Radiation treatment plan. A portion of the radiation treatment plan is shown. The 100% isodose line can be seen covering the anterior vertebral bodies.
The patient had no evidence of recurrent disease until he developed neck pain; a computed tomography scan in October 2014 showed possible local recurrence versus abscess formation for which he was treated with antibiotics. A follow-up computed tomography and magnetic resonance imaging scan revealed a persistent large pocket of air in the right lateral retropharyngeal space and anterior wedge-shaped compression fracture deformities consistent with osteoradionecrosis (Fig 2).
Figure 2.
Computed tomography scan of cervical spine reveals anterior wedge-shaped compression fracture deformities consistent with osteoradionecrosis in the C5 and C6 vertebral bodies.
Discussion
The majority of reports of cervical osteoradionecrosis involve standard fractionation of 1.8 Gy once a day (Table 1).
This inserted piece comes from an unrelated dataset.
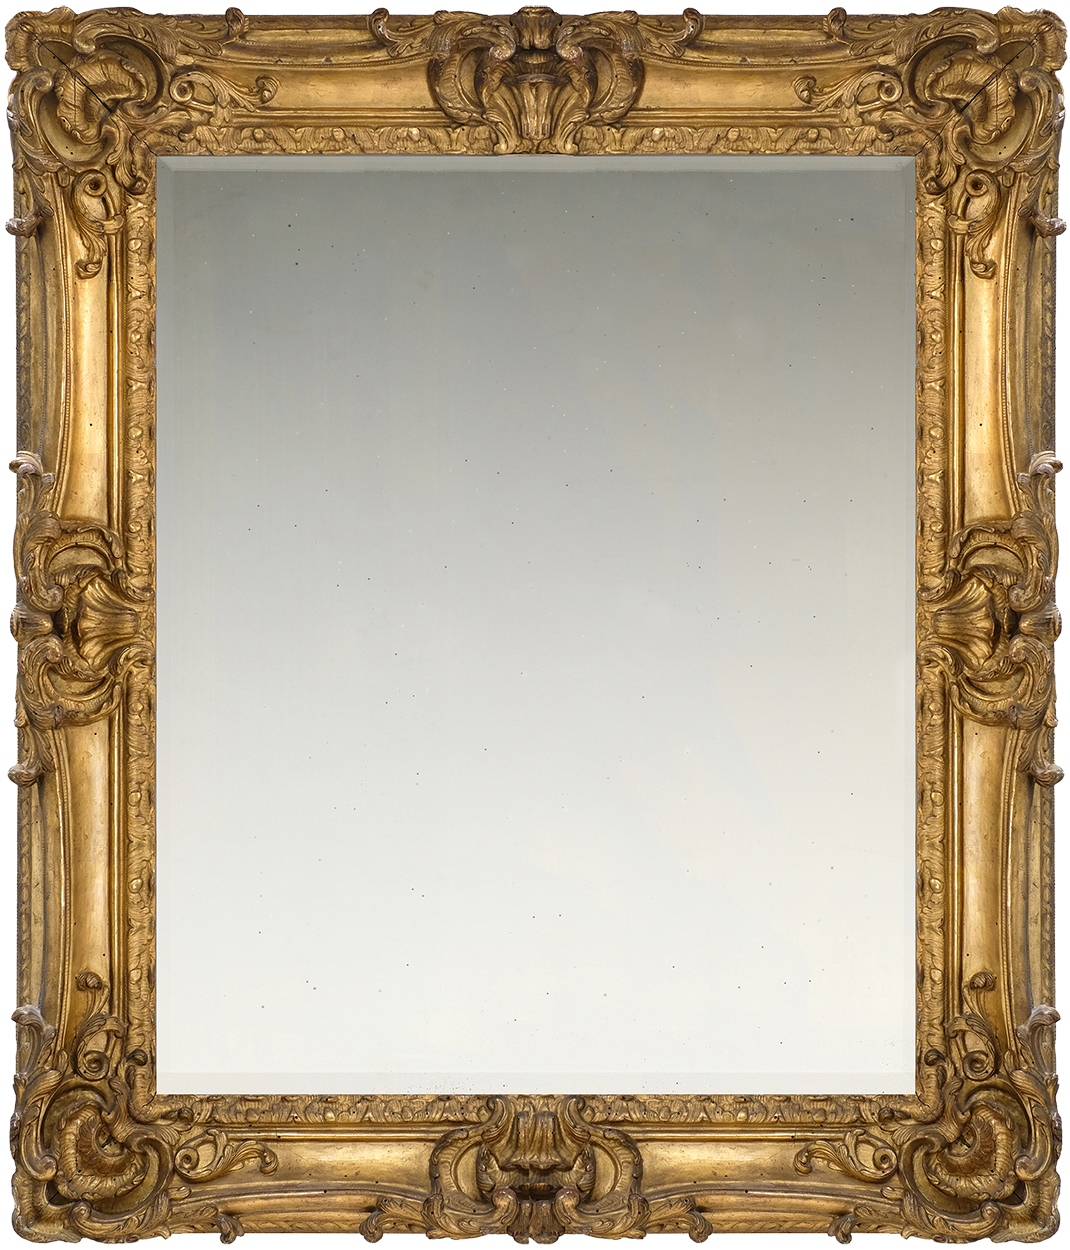  18th century French Provençal Louis XV Rococo frame

Despite the development of osteoradionecrosis, all of these patients recovered following surgical and/or antibiotic treatment with the exception of 1 patient treated with 2.2 Gy/fx who remained wheelchair-bound and a second3 who died before treatment.
Table 1.
Published osteoradionecrosis case studies
| Author | Cancer histology/primary | Radiation dose (Gy/fx) | Chemotherapy | ORN treatment | Time to ORN |
|---|---|---|---|---|---|
| Donovan et al1 | SCC/unknown | 80/- | - | Surgery, antibiotics, and O2 | 25 y |
| SCC/supraglottic larynx | 59.4/1.8 | - | Surgery, antibiotics, and O2 | 10 mo | |
| Undifferentiated/nasopharyngeal | 82.2 (43.2) | - | Antibiotics and O2 | 10 y | |
| Ng et al2 | SCC/posterior pharyngeal wall | 45/1.8 | - | Surgery and antibiotics | During RT (45 Gy in 25 treatments) |
| Lim et al3 | SCC/unknown | 55.8/1.8 | - | - | 9 y |
| Van Wyk et al4 | SCC/right vocal cord | 66/2.2 | - | Surgery | 20 y |
| Smith et al5 | SCC/tonsils | 70/- | Concurrent/ Cisplatin-bascd |
Surgery and antibiotics | 15 mo |
02, oxygen; ORN, osteoradionecrosis; SCC, squamous cell carcinoma.
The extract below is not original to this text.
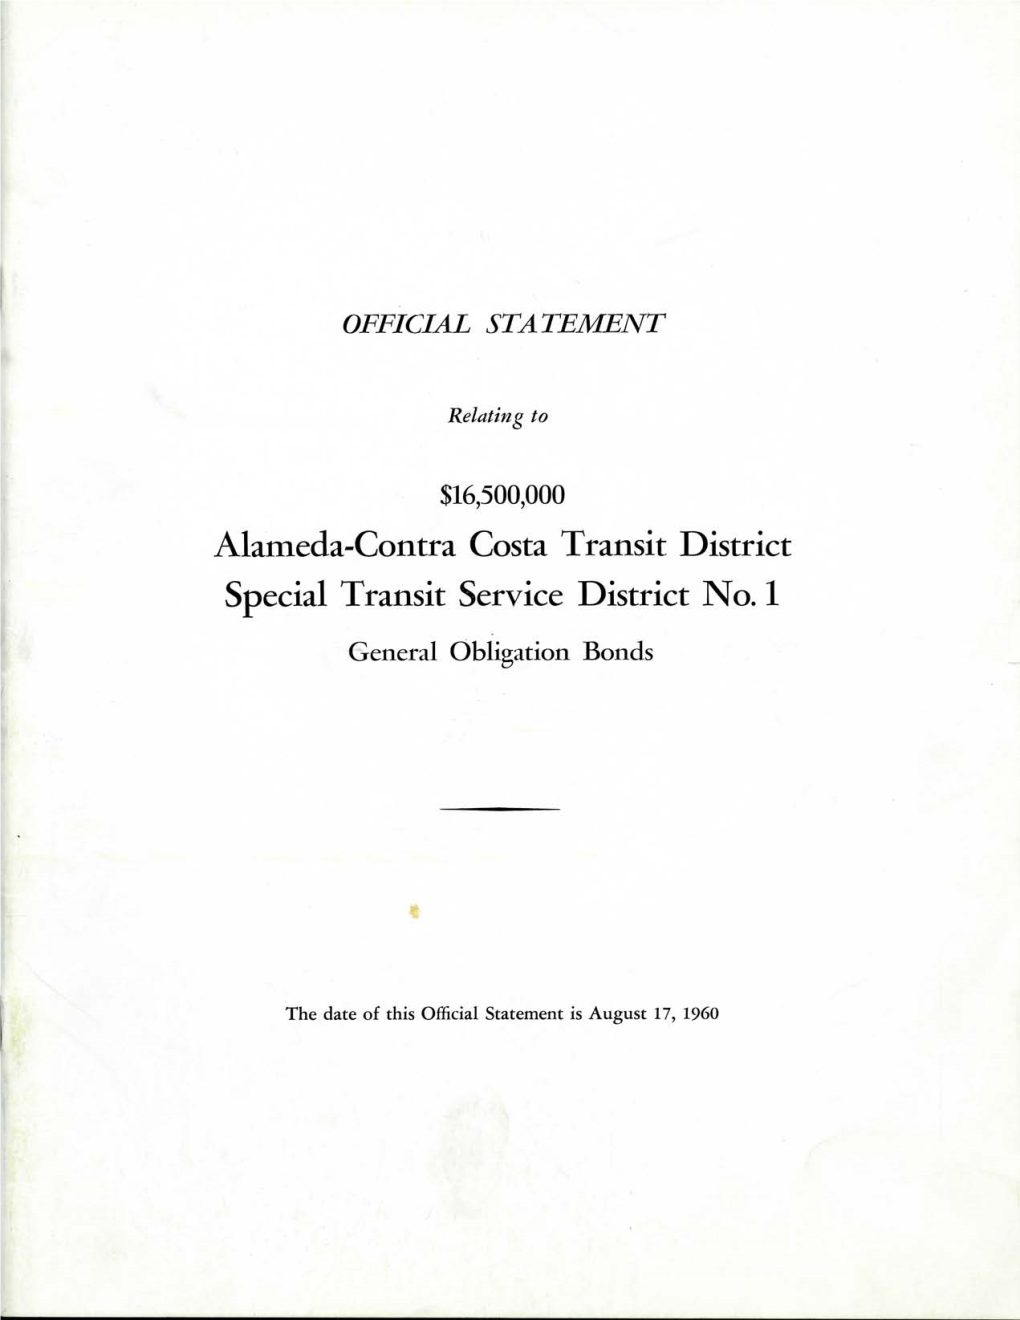 Alameda-Contra Costa Transit District Special Transit Service District No.1

There has been resurgent interest in the role of altered fractionation radiation therapy and concurrent chemotherapy for improved local control and decreased tumor repopulation in head and neck cancers. Radiation treatment de-escalation is currently being explored for human papilloma positive head and neck cancer through RTOG 1016,8 in which altered fractionation radiation therapy with concurrent cetuximab is the experimental arm. Major differences, however, between RTOG 1016 and RTOG 0129 include 6 once-weekly twice-daily treatments versus 12 sequential twice-daily treatments decreasing the likelihood of late effects as a result of incomplete repair on this more recent RTOG protocol. Although the incidence of mandibular osteonecrosis has been reported to increase with accelerated fractionation,9 incidences of cervical osteonecrosis after accelerated fractionation radiation therapy have only been reported once.6 Kosako et al6 describes 3 cases of cervical osteonecrosis (Table 2), 2 of whom were treated with accelerated fractionation and received antibiotic treatment for osteonecrosis but died from respiratory failure. Studies investigating accelerated versus standard fractionation radiation therapy for head and neck cancer have reported no difference in osteonecrosis rates10–13; however, follow-up was only 5 years except for the MRC CHART Trial, which did not use concurrent chemotherapy. Although the time to development of mandibular osteoradionecrosis appears to be around 27 months (range, 3–129 months),14 the time to development of cervical osteoradionecrosis is not well recognized in the literature. From the cases reviewed,1–6 the median time to cervical osteoradionecrosis was approximately 34 months after radiation; though the range appears to be a quite wide (0–300 months), suggesting that the risk for cervical osteoradionecrosis may potentially persist longer. Our patient, having developed osteoradionecrosis at 9 years, is in line with the previously published reports.
Table 2.
Case studies by Kosako et al6
| Author | Cancer histology/primary | Radiation dose (Gyfx) | Chemotherapy | ORN treatment | Time to ORN |
|---|---|---|---|---|---|
| Kosako et al6 | SCC/hypopharynx | 76.8/1.2 BID | Ncoadjuvant and concurrent/cisplatin and 5FU | Surgery and antibiotics | 2.5 y |
| SCC/oropharynx | 76.8/1.6 BID | Ncoadjuvant and concurrent/cisplatin, carboplatin, and 5-FU | Antibiotics | 2.3 y | |
| SCC/esophagus and hypopharynx | 50/2 + additional 40 | Concurrent/cisplatin and 5-FU | - | 3.1 y |
5-FU, 5-flurouracil; ORN, osteoradionecrosis; SCC, squamous cell carcinoma.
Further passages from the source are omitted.